This sounds crazy (and to be clear, it would be crazy to do this) but this freedom actually has some utility. If you’re doing design-by-programming, then you end up writing a lot of rough prototype code. For example:

In the last meeting someone tossed out the idea of adding mounted guns to vehicles. So now I want some cars to have mounted guns. I could make the mounted gun part of the car code, or I can make it an independent game object, or I could make it a weapon that gets added to the player’s inventory like all other weapons, but is removed if they exit the vehicleI know I heard about a game that did this, but I can’t remember what it was.

Hm. Which way is best? For now, I’ll just add the gun to the car. I’ll put all the mounted gun code here in car.c. 
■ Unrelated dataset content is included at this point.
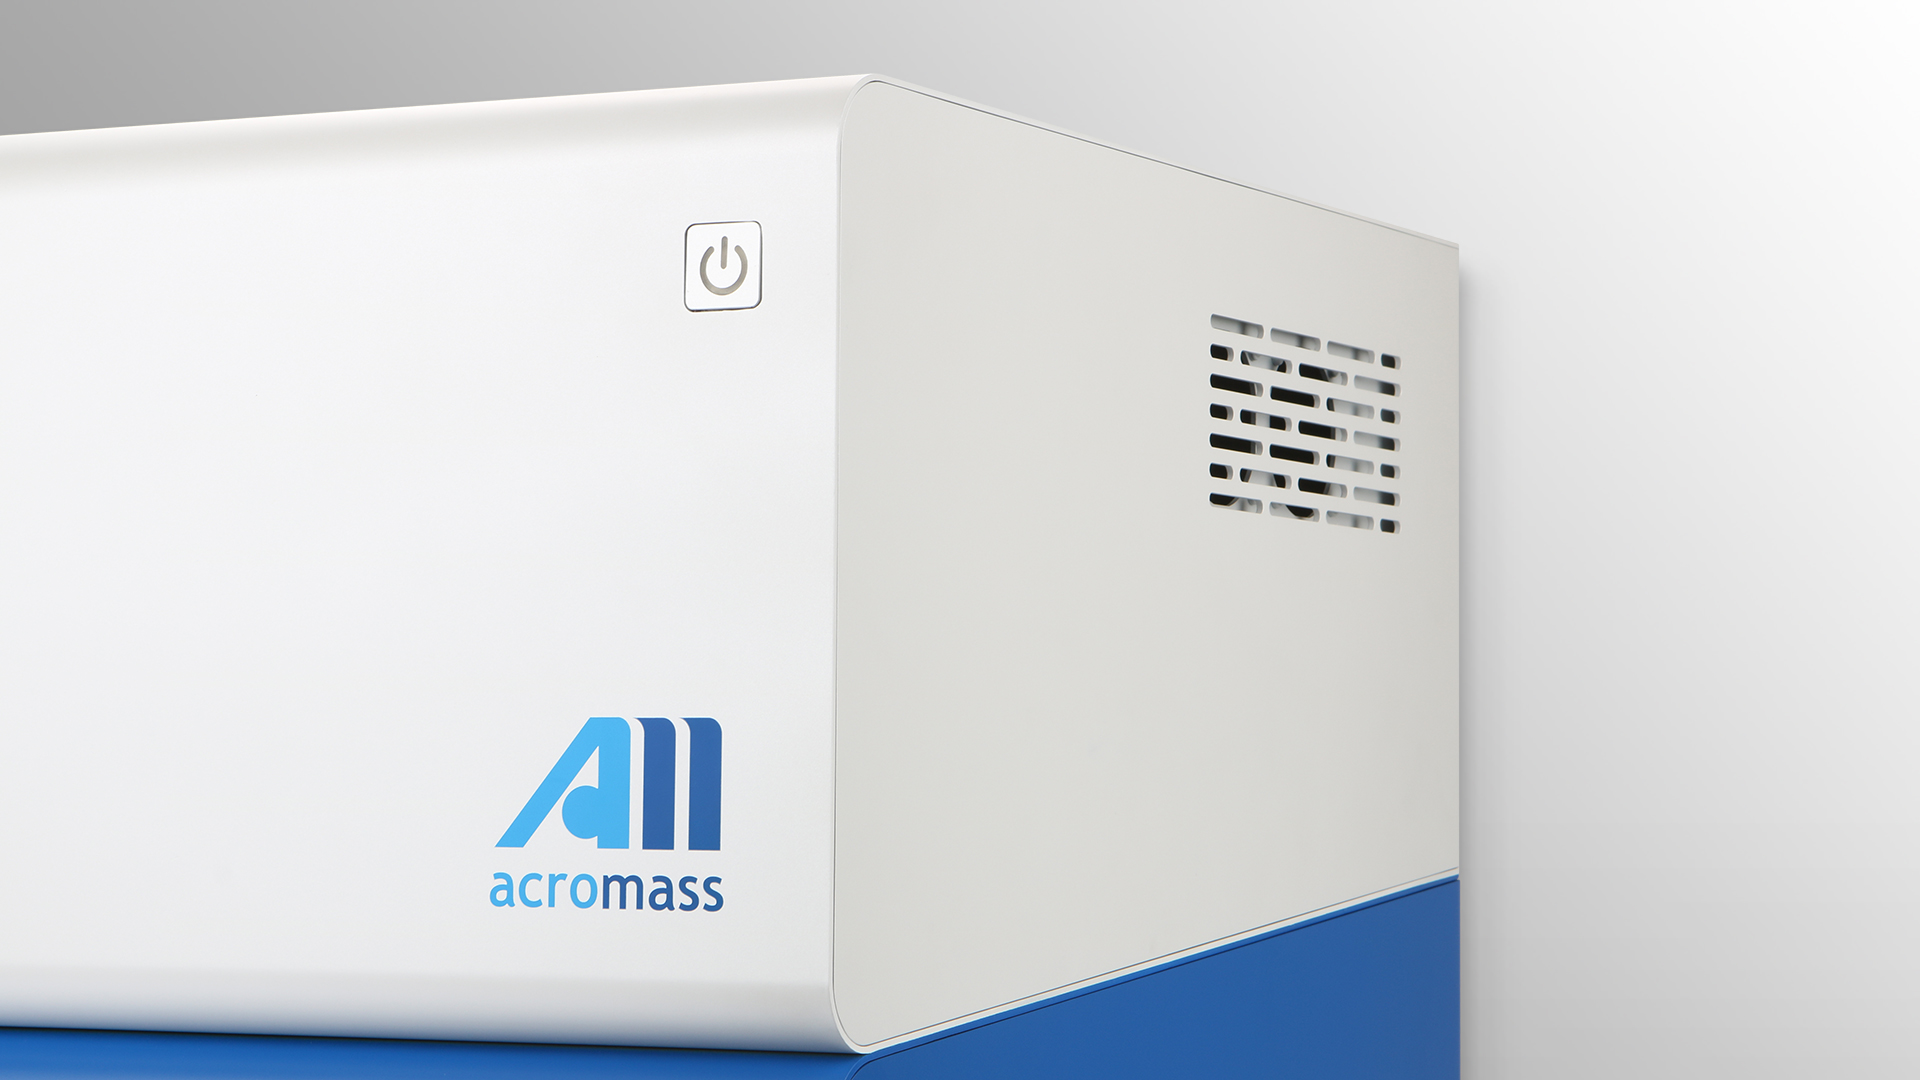 Acromass-CS_Pic06_1920x1080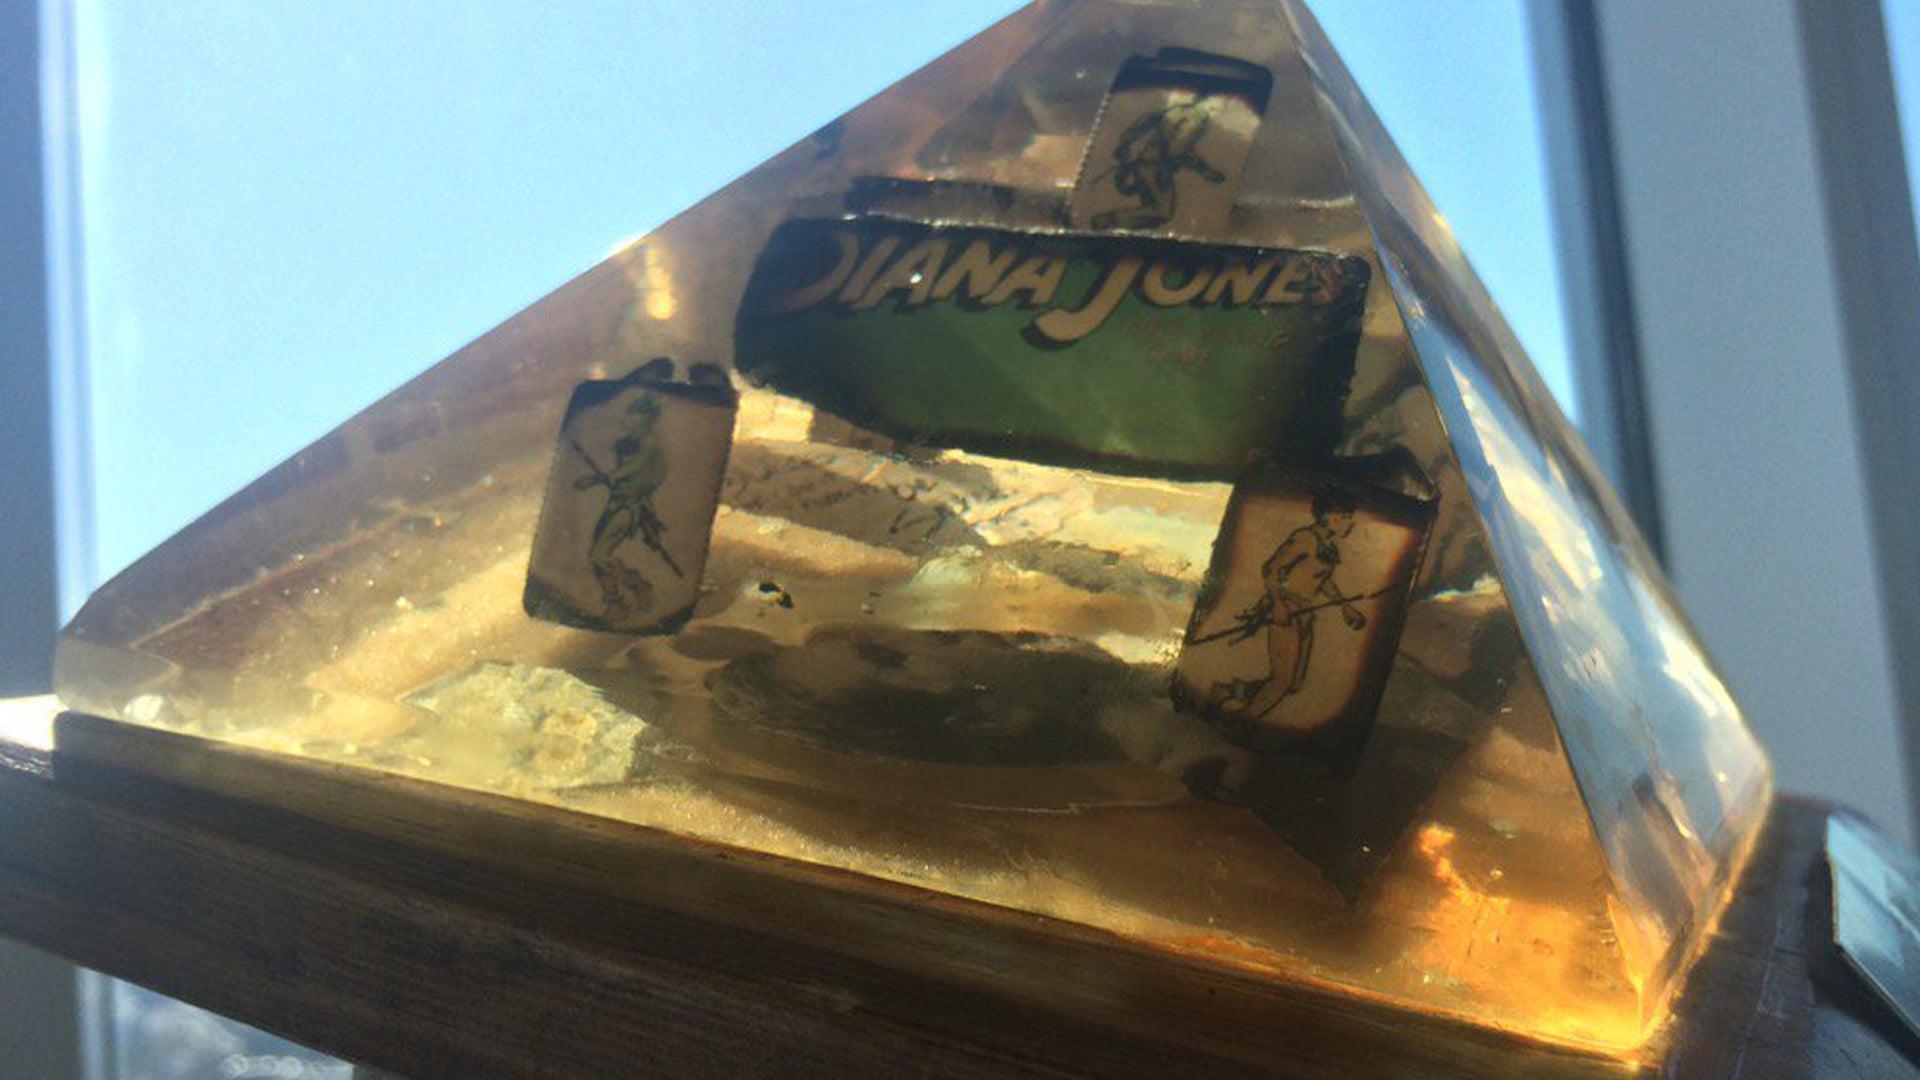 The Diana Jones Award trophy

Then later you decide you’re happy with this design, so you create turret.c and move all of the mounted gun code into that file. You generalize it so that other vehicles like helicopters and aircraft can also have mounted guns.


Link (YouTube)

In a language like Java, you’d be forced to put the new code into a new file right from the start, but the C language allows you to throw things together and figure out the overall file structure later, once you know what you’re doing. It seems trivial in this case, but in cases with complicated systems it’s often nice to be able to design first, and THEN decide how the code should be organized.

In some programming domains, programmers are working from a rigorous spec and this “freedom” just seems like an invitation for chaos. In those domains, you know exactly what you’re going to build before you write your first line of code. Why allow the user to build something incorrectly?

These programmers will complain that the freedom of C allows people to slap together disorganized, half-assed code. And it does. We come back to the question about how much we should restrict the programmer in the name of helping them. It’s the old “this language was made for good programmers” argument again. As it happens, that comes up a lot when you’re talking about language design.

In any case, if all of the files compiled successfully then your IDE will move on to…

4. The Linker

I tried to find a stock photo of the abstract process of linking, but this is the best I could do.
I tried to find a stock photo of the abstract process of linking, but this is the best I could do.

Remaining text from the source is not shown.